“Rare events” are low frequency, high-severity problems that can have far-reaching consequences. Examples are insurance fraud, major stock market crashes, and disease epidemics.
Predicting and simulating such events is difficult but can be extremely valuable. Key challenges are typically the lack of historical data and the inapplicability of common statistical techniques. Two basic requirements of most analytics endeavors are the availability of known events and an understanding of their characteristics. In the case of rare events, we often have neither. Such issues have forced decision scientists to get creative and explore unconventional analysis methods.
Consider insurance fraud: insurance companies are prolific users of analytics, and classifying the severity of a claim has become a rather straightforward analytics exercise. That’s because there is plenty of data available on claim severity. Identifying a fraudulent claim, however, is a different story since the prevalence of fraud is much lower. Since there are more data points for the algorithm predicting severity than those for the algorithm predicting fraud, the data sets are imbalanced.

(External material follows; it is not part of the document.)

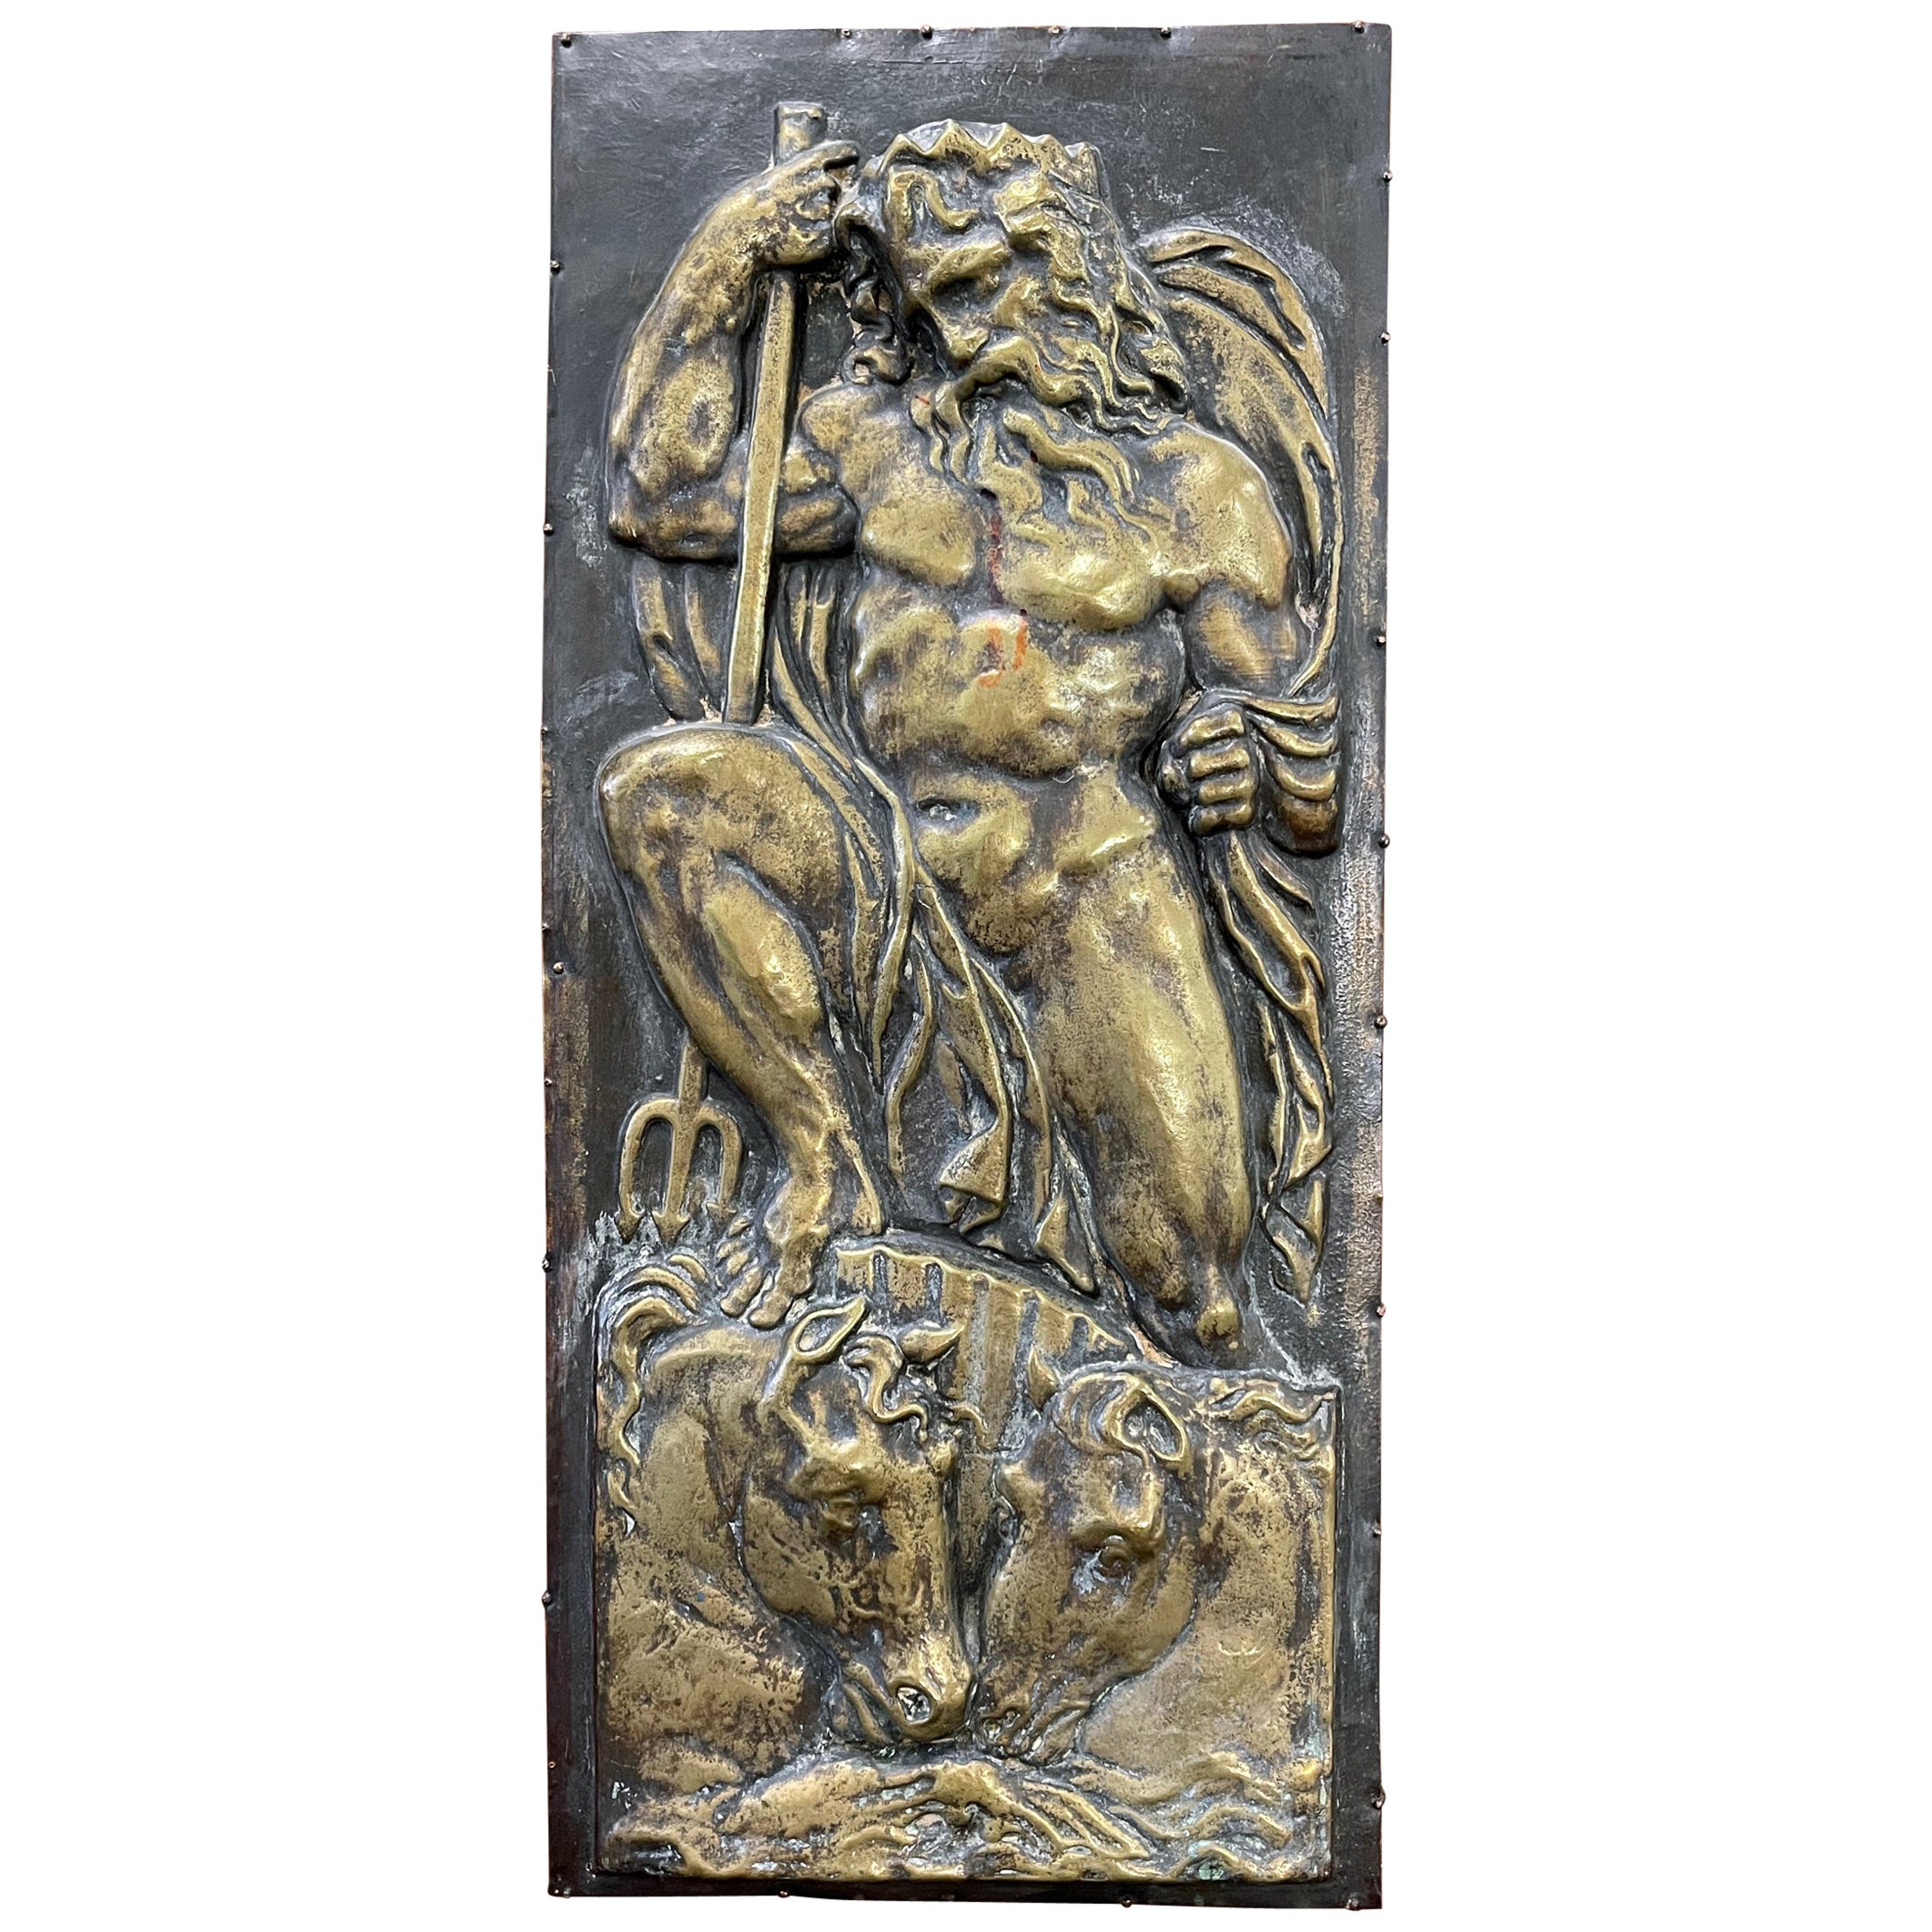 "Poseidon and Vulcan, " Marvelous Brass Repoussé Relief Sculptures, Nude Males

How can we fix this? There are three approaches to handling imbalanced datasets:
Data level: The data-level approach involves resampling to reduce class imbalance. The two commonly used sampling techniques include over-sampling and under-sampling. Over-sampling randomly duplicates the minority class samples, while under-sampling randomly discards the majority class samples in order to modify the class distribution. Both techniques have disadvantages: over-sampling may lead to over-fitting as it makes exact copies of the minority samples, while under-sampling may discard potentially useful majority samples. Thus, the data-level approach tends to be the least effective option, delivering minor changes in performance as compared to the algorithmic and ensemble methods.
Algorithmic level: The algorithmic-level approach leverages machine-learning algorithms modified to accommodate imbalanced data. It compensates for the skew by assigning weights to respective classes, introducing biases and penalty constants. Examples of algorithmic methods for handling imbalance are one-class learning, cost-sensitive learning, recognition-based approaches, and kernel-based learning, such as support vector machine (SVM). Applying an algorithmic approach alone is not preferred because the size of the data and event-to-non-event imbalance ratio are often high. Thus, we recommend focusing on new techniques that combine sampling and algorithmic approaches.
Ensemble methods: Ensemble methods involve a mixture-of-experts approach. These methods combine algorithmic and data approaches to incorporate different misclassification costs for each class in the learning phase. The two most popular ensemble learning algorithms are Boosting and Bagging. Boosting algorithms seek to improve classifier accuracy by reweighting misclassified samples. Bagging, which stands for Bootstrap Aggregating, is a process in which bootstrap samples are drawn randomly with replacement.
Ensemble approaches rely on combining a large number of relatively weak and simple models to obtain a stronger ensemble prediction. The most prominent examples of such machine-learning ensemble techniques are random forests, neural network ensembles, and Gradient Boosting Machines (GBMs), which have found many successful applications in different domains. Ensemble techniques like random forest and neural networks rely on simple averaging of models in the ensemble, whereas GBMs are based on a constructive strategy of ensemble formation. The main idea of boosting is to add new models to the ensemble sequentially. GBMs are applicable for a set of real-world practical applications and provide excellent results in terms of accuracy and generalization.
There are two schools of thought on big data analytics approaches for rare events: businesses should develop highly evolved models that help predict and prevent these events, and the other is to develop systemic mechanisms to negate the effect of these events. An airline, for instance, could benefit from reorganizing its fleet in response to natural calamities. In contrast, a pharmaceutical organization could maintain a high safety stock to deal with epidemic outbreaks.
In a world of great uncertainty, ensuring you have the analytical models for rare events is required to create a more responsive, resilient, and profitable business. Act now.